Digital Systems Design Using VHDL (Activate Learning with these NEW titles from Engineering!)
Learn how to effectively use the industry-standard hardware description language, VHDL, as DIGITAL SYSTEMS DESIGN USING VHDL, 3E integrates VHDL into the digital design process. The book begins with a valuable review of basic logic design concepts before introducing the fundamentals of VHDL. The book concludes with detailed coverage of advanced VHDL topics.
Why Read This Book
You will learn how to use VHDL as a practical design vehicle rather than just a language reference: the book ties VHDL syntax and semantics directly to common digital design tasks so you can move from concept to simulation to synthesis. It emphasizes hands‑on examples, testbench-driven verification, and the VHDL features you need for contemporary FPGA and DSP implementations.
Who Will Benefit
Undergraduate or early‑career engineers and students who know basic digital logic and want a structured, example‑driven path to writing synthesizable VHDL and targeting FPGAs.
Level: Intermediate — Prerequisites: Basic digital logic (Boolean algebra, gates, combinational and sequential circuits) and familiarity with basic programming concepts; no prior VHDL experience required.
Key Takeaways
- Model combinational and sequential circuits using VHDL coding styles suitable for synthesis
- Create testbenches and perform simulation-driven verification of designs
- Structure designs with packages, components, generics, and configurations for reuse
- Implement finite state machines and timing‑constrained designs targeted to FPGAs
- Synthesize and map VHDL designs to industry FPGA toolflows (Xilinx/Intel) and understand common synthesis issues
- Apply advanced VHDL topics such as attributes, records, arrays, and file I/O for more complex systems
Topics Covered
- Introduction and Review of Digital Logic Concepts
- VHDL Fundamentals: Lexical Elements, Data Types, and Operators
- Concurrent vs.
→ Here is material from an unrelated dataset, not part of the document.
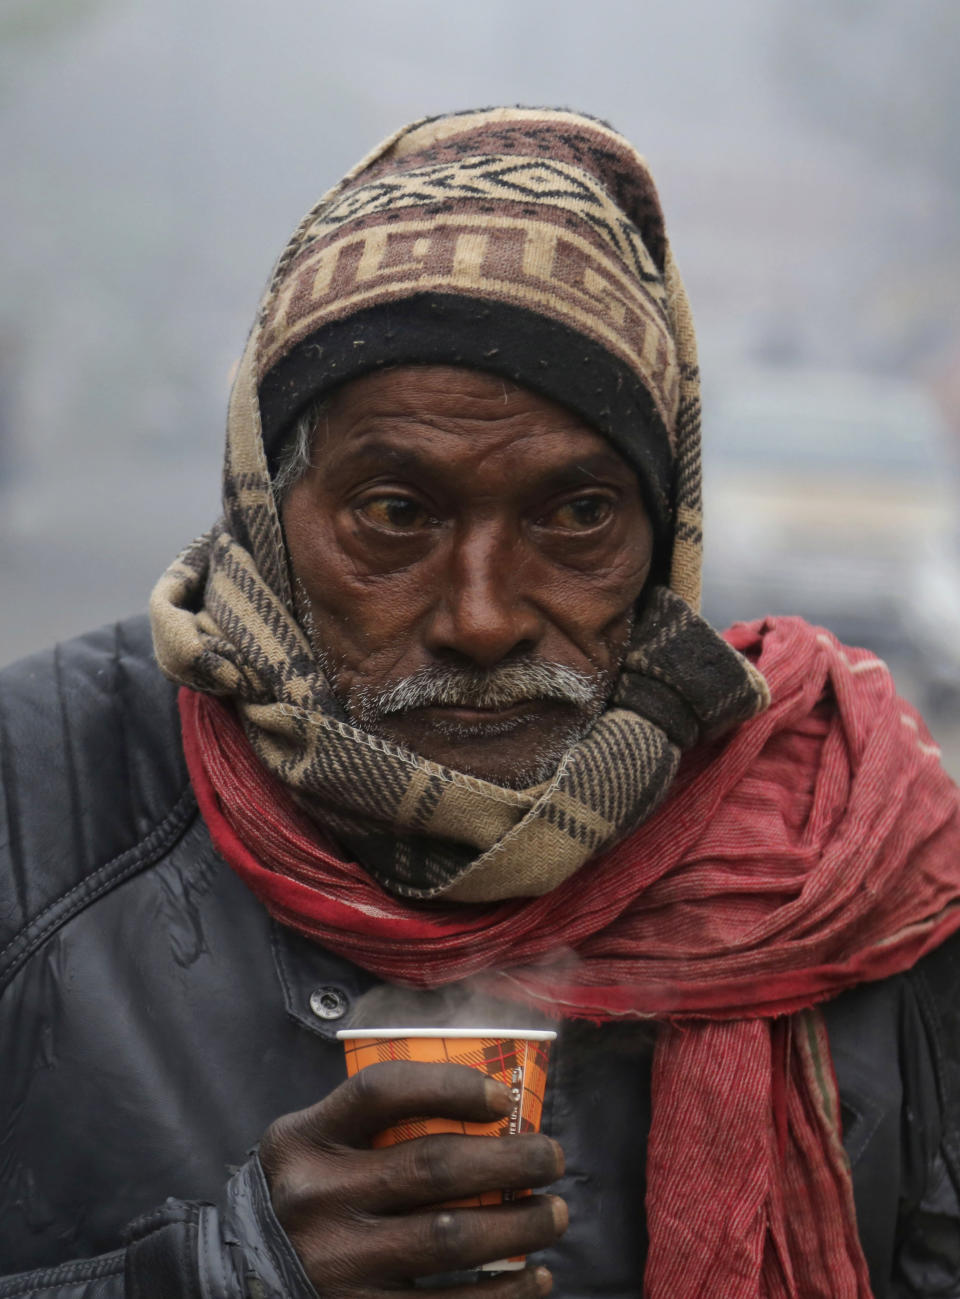 A man holds a hot cup of tea on a cold and foggy morning in Jammu, India, Tuesday, Dec. 31, 2019. Opaque, chilly smog has blanketed northern India as just-about-freezing temperatures collided with hazardous levels of air pollution. The cold and fog are expected to continue through New Year's Day. (AP Photo/Channi Anand)

Sequential Modeling; Signal vs. Variable Semantics
- Combinational Logic Design in VHDL
- Sequential Circuits and Flip‑Flop Modeling
- Design of Finite State Machines
- Structural Modeling and Hierarchical Design
- Subprograms, Packages, and Reuse
- Testbench Development and Simulation Techniques
- Synthesis Guidelines and Mapping to FPGAs
- Timing, Constraints, and Design-for-Synthesis Tradeoffs
- Advanced VHDL Topics (records, arrays, attributes, configurations)
- VHDL Applications: DSP Primitives, Arithmetic, and FPGA Use Cases
- Laboratory Exercises, Projects, and Appendices (VHDL Reference)
Languages, Platforms & Tools
How It Compares
Closer in intent to Brown & Vranesic's Fundamentals of Digital Logic with VHDL Design, but Roth focuses more on integrating VHDL into the step‑by‑step design process and lab exercises rather than exhaustive theory; unlike Palnitkar's Verilog guide, this book is VHDL‑centric.